So, with these caveats, here is what I get (sorry for the mislabeled output, it should say “TextParse.jl” instead of “CSVFiles.jl”). The story is quite mixed: TextParse.jl is faster for the diamonds, parking, tmp0u3qt3mu and winemag dataset, whereas TableReader.jl is ahead for the flights14 dataset. I didn’t even try the dataset with the many columns, because I know that TextParse.jl has no chance on that one currently :slight_smile:

At some level it seems to me that TableReader.jl should probably be classified as “couldn’t read” for the tmp0u3qt3mu dataset, right? I think right now it can only be read if some preprocessing of the file is done? For the results I linked to, I replaced all the tabs in the file with a space, which seems also what you did?

This of course does not take away one bit from the fact that TableReader is without peer right now in terms of first use times and many column files!

My broad takeaway from all of this is probably as follows:

  • I think TextParse.jl still has the fastest core parsing algorithms, maybe with the exception of the string story when the cache story from TableReader kicks in.
  • TableReader.jl clearly gets it right with how things are put together, i.e. the core parsing kernels are exposed in an efficient way to users, whereas for TextParse.jl (and CSVFiles.jl) we currently make quite a number of mistakes in how we put our very fast core parsing algorithms together. What I mean by that is that the way we introduce compiler overhead etc. can easily nullify the fast core parsing routines. I’m pretty positive we can fix that, but we’ll probably have to wait and see whether my optimism is warranted :slight_smile: I’m pretty positive that if my plan there works out it would also solve the many column issue.
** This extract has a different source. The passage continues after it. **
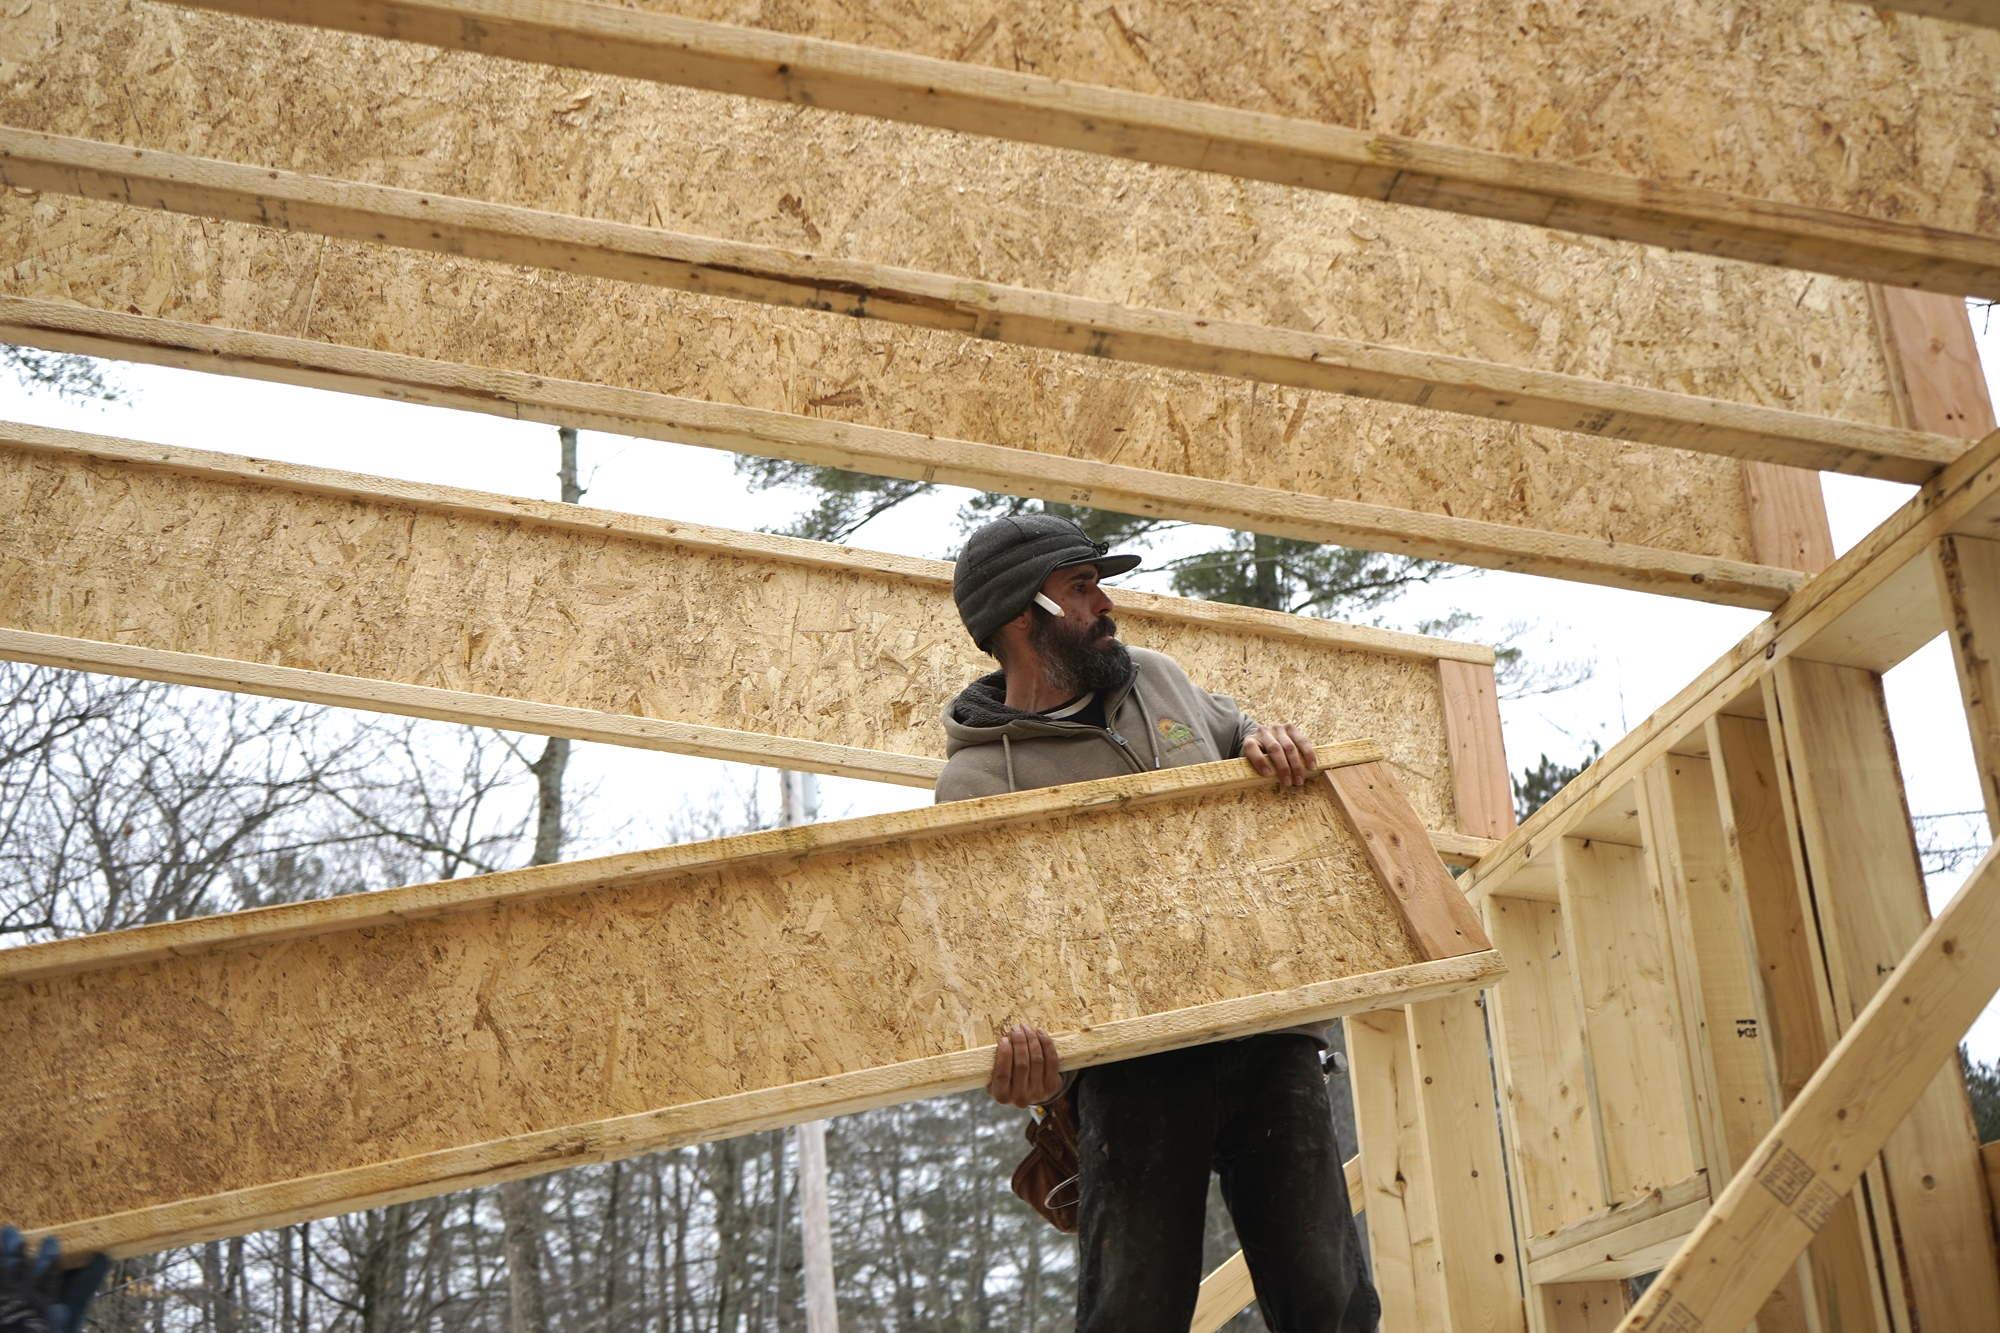 A Long Span Wood I Joist Shed Roof Jlc Online

In any case, having TableReader.jl is fantastic, both as a tool for users and as a benchmark for other packages to sort out where we can do better!

10 Likes

#10

I haven’t. When I was starting the project a few months ago CSVFiles.jl didn’t work for some reason I really don’t remember and I did all my scripts with CSV.jl. I can certainly do a quick check.

1 Like

#11

Thank you for your feedback. TableReader.jl seems to be working well on your machine.

0 Likes

#12

Thank you for updating TextParse.jl. I’ve updated TextParse.jl and some errors I saw in the previous version have been disappeared (maybe, this issue has been solved?).
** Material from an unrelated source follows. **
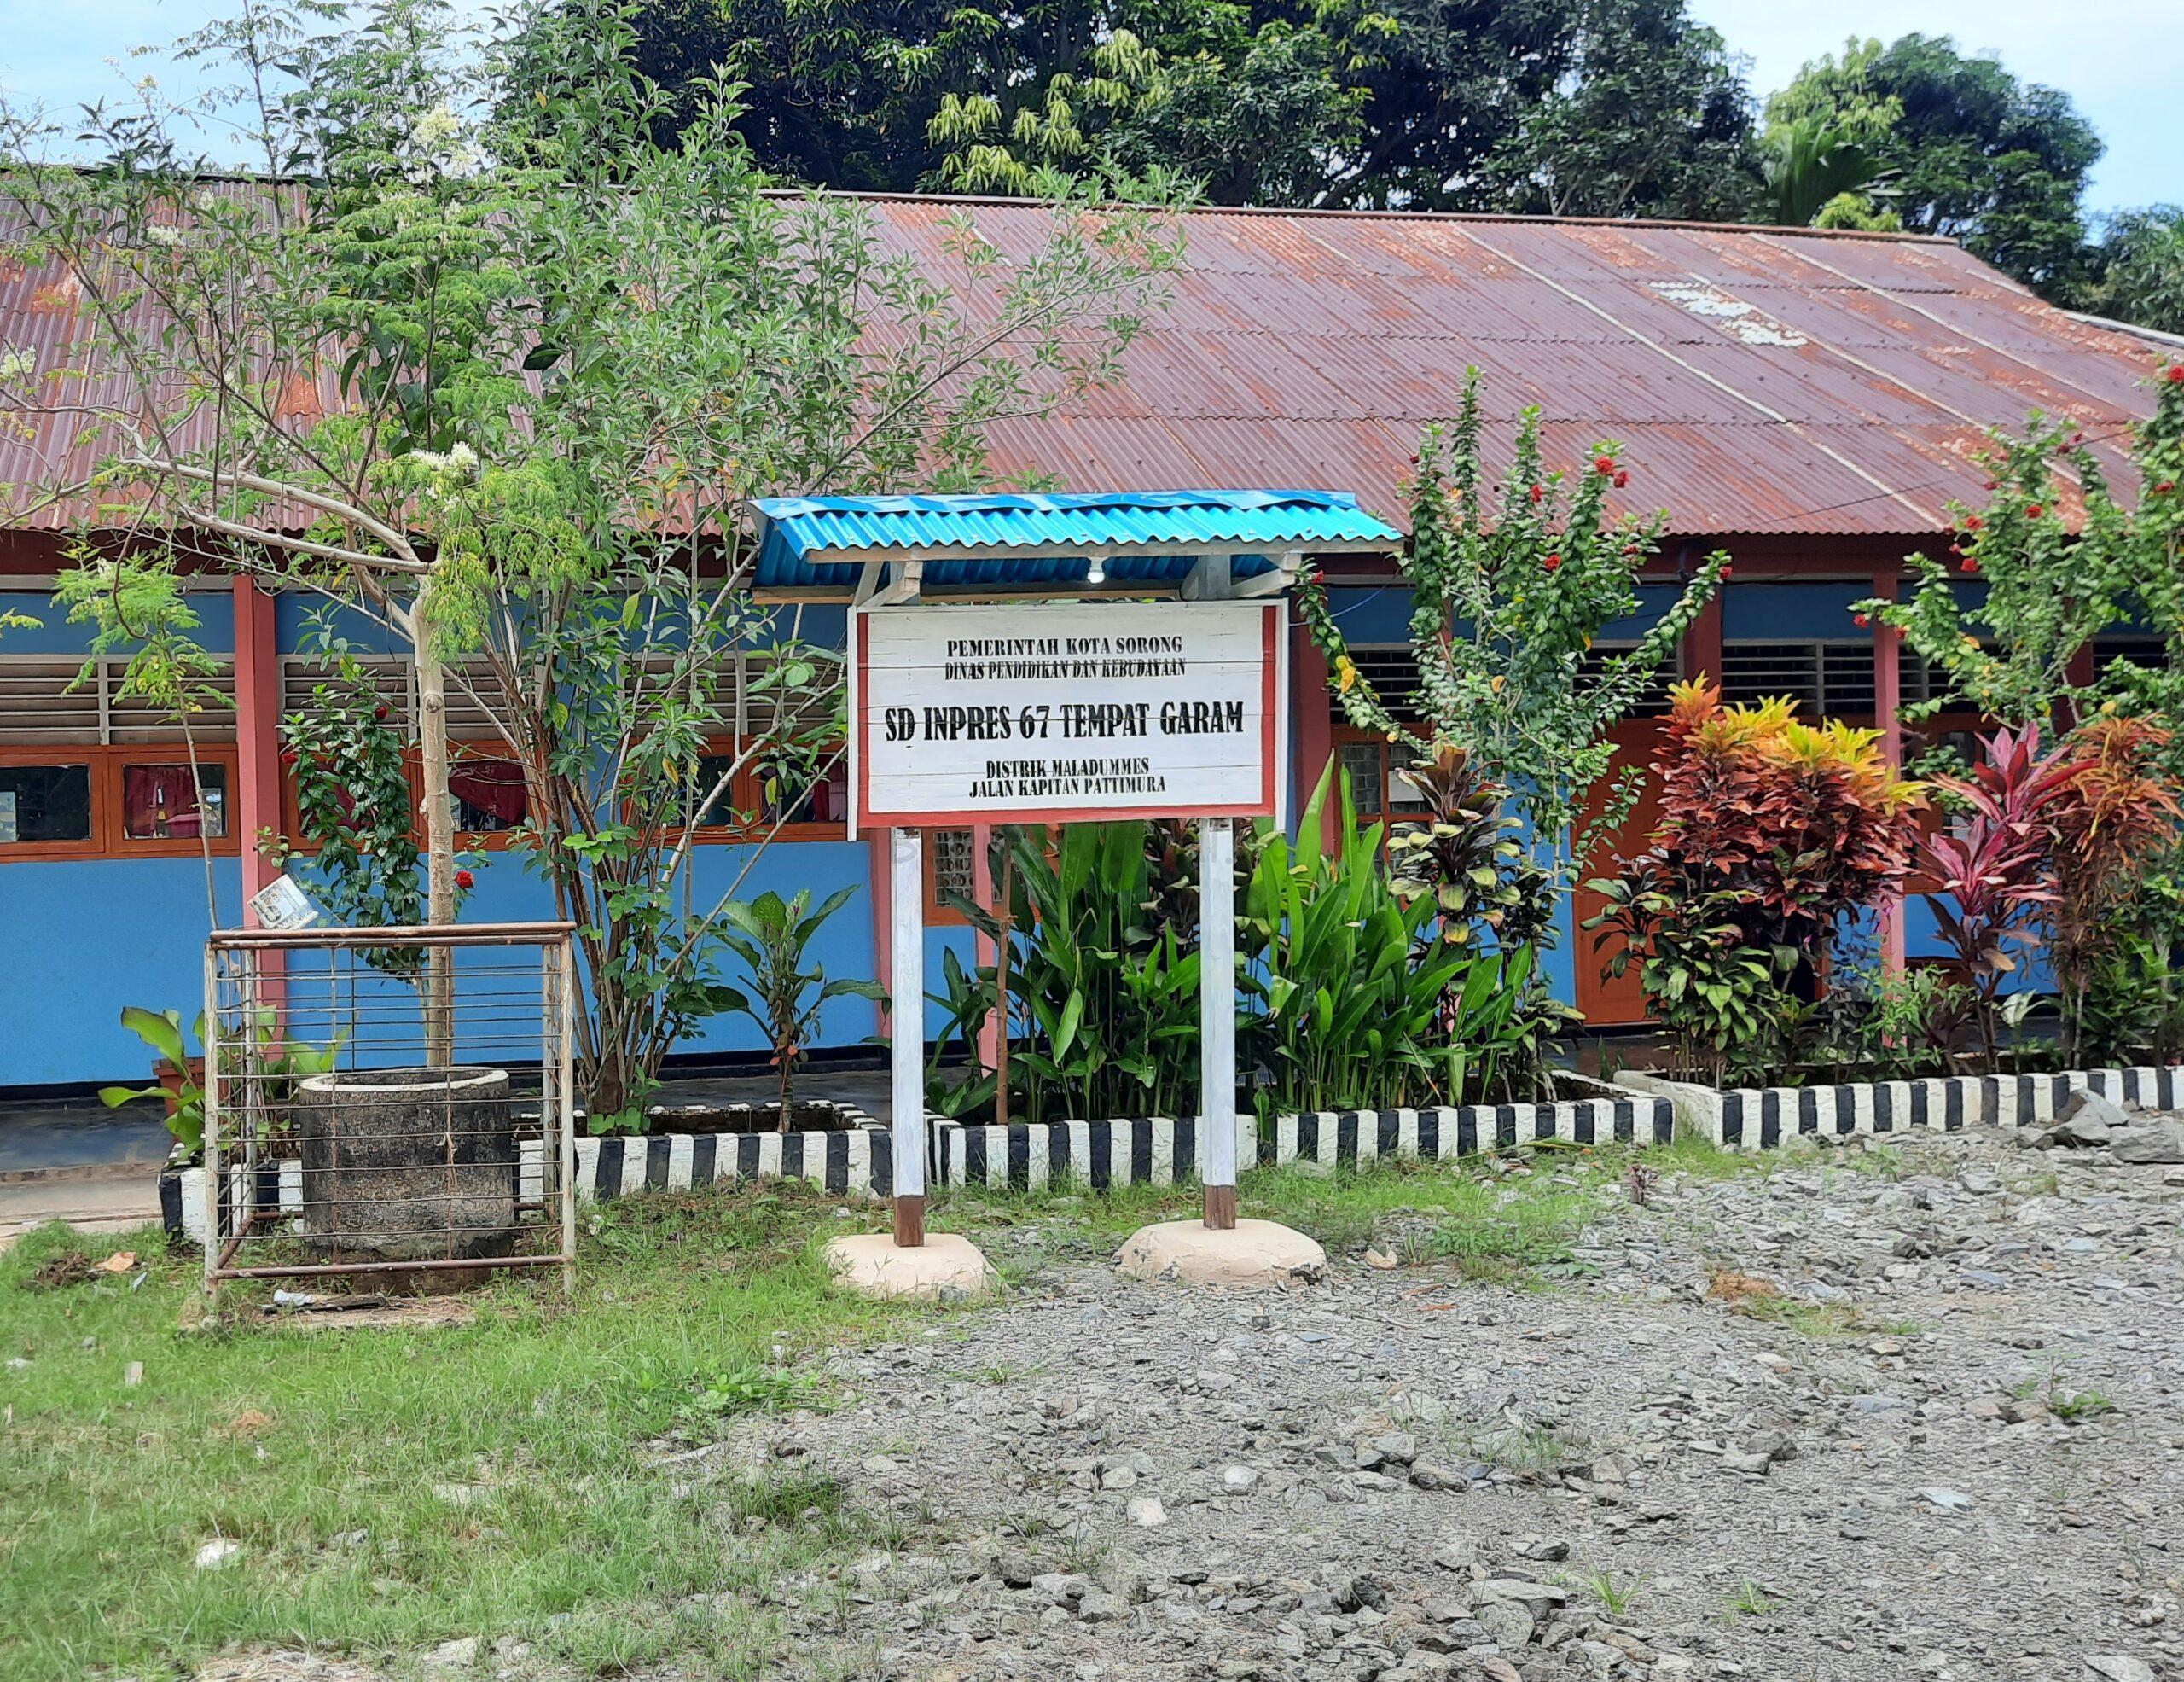 3 Sekolah di Kota Sorong Dapat Bantuan Puluhan Alat TIK Melalui Usulan Rico Sia 1 20201021 213452 scaled

I’ve checked your benchmark results. Thank you for doing that. But TableReader.jl seems to be a little bit slower than I expected on your machine while TextParse.jl showed roughly the same speed with yours. For example, parking-citations.csv took 20 seconds with TableReader.jl and 27 seconds with TextParse.jl on my macOS machine. However, the results you benchmarked show 35.7 seconds with TableReader.jl and 24.8 seconds with TextParse.jl. Which operating system did you use for benchmarking? Perhaps, severe slowdown of parsing floating-point numbers on Windows is yet resolved (https://github.com/bicycle1885/TableReader.jl/issues/3). I have no way to check the current status because I have no access to Windows machines.

0 Likes

#13

Interesting! Yes, I ran on Windows. I can rerun on Mac tomorrow, let’s see what I get there.

0 Likes

#14

Very cool!

Out of curiosity: any reason why you hand-coded the state machine instead of using Automata.jl?

0 Likes

#15

I guess you mean Automa.jl? The main reason is that I needed to make the delimiter a parser parameter. Automa.jl does not support parser parameters that are variable at rumtime because it compiles static regular expressions at code-generation time.

2 Likes

#16

I am trying to install TableReader but getting the following error. Should this work already?
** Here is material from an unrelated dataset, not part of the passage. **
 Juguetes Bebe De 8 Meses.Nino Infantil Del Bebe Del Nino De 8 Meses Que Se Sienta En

(v1.0) pkg> add TableReader
 Resolving package versions...
ERROR: Unsatisfiable requirements detected for package TableReader [70df011a]:
 TableReader [70df011a] log:
 ├─possible versions are: 0.1.0 or uninstalled
 ├─restricted to versions * by an explicit requirement, leaving only versions 0.1.0
 └─restricted by julia compatibility requirements to versions: uninstalled — no versions left

It is not clear how to proceed from that error message.

1 Like

#17

I think you are using Julia 1.0, not Julia 1.1. TableReader.jl is not tested against Julia 1.0 so it is restricted to Julia 1.1 users by the package requirement. If you want to try it now, the quickest way would be to update your Julia to 1.1. However, it should work on Julia 1.0 as well because I think it does not depend on new features of Julia 1.1, so I will relax the restriction soon.

EDIT: TableReader.jl 0.1.1 works on Julia 1.0.

2 Likes

#18

try one of the following:

  1. Pkg.gc()
  2. Pkg.update()
  3. Any combination of the two
0 Likes

#19

I also tried to install it on Julia 1.0.3 and it did not work: got similar error. I then moved on to Julia 1.1 and it works fine.

0 Likes

#20

Yeah, I’m sorry for inconvenience. The situation will change soon once https://github.com/JuliaLang/METADATA.jl/pull/22459 is merged.

0 Likes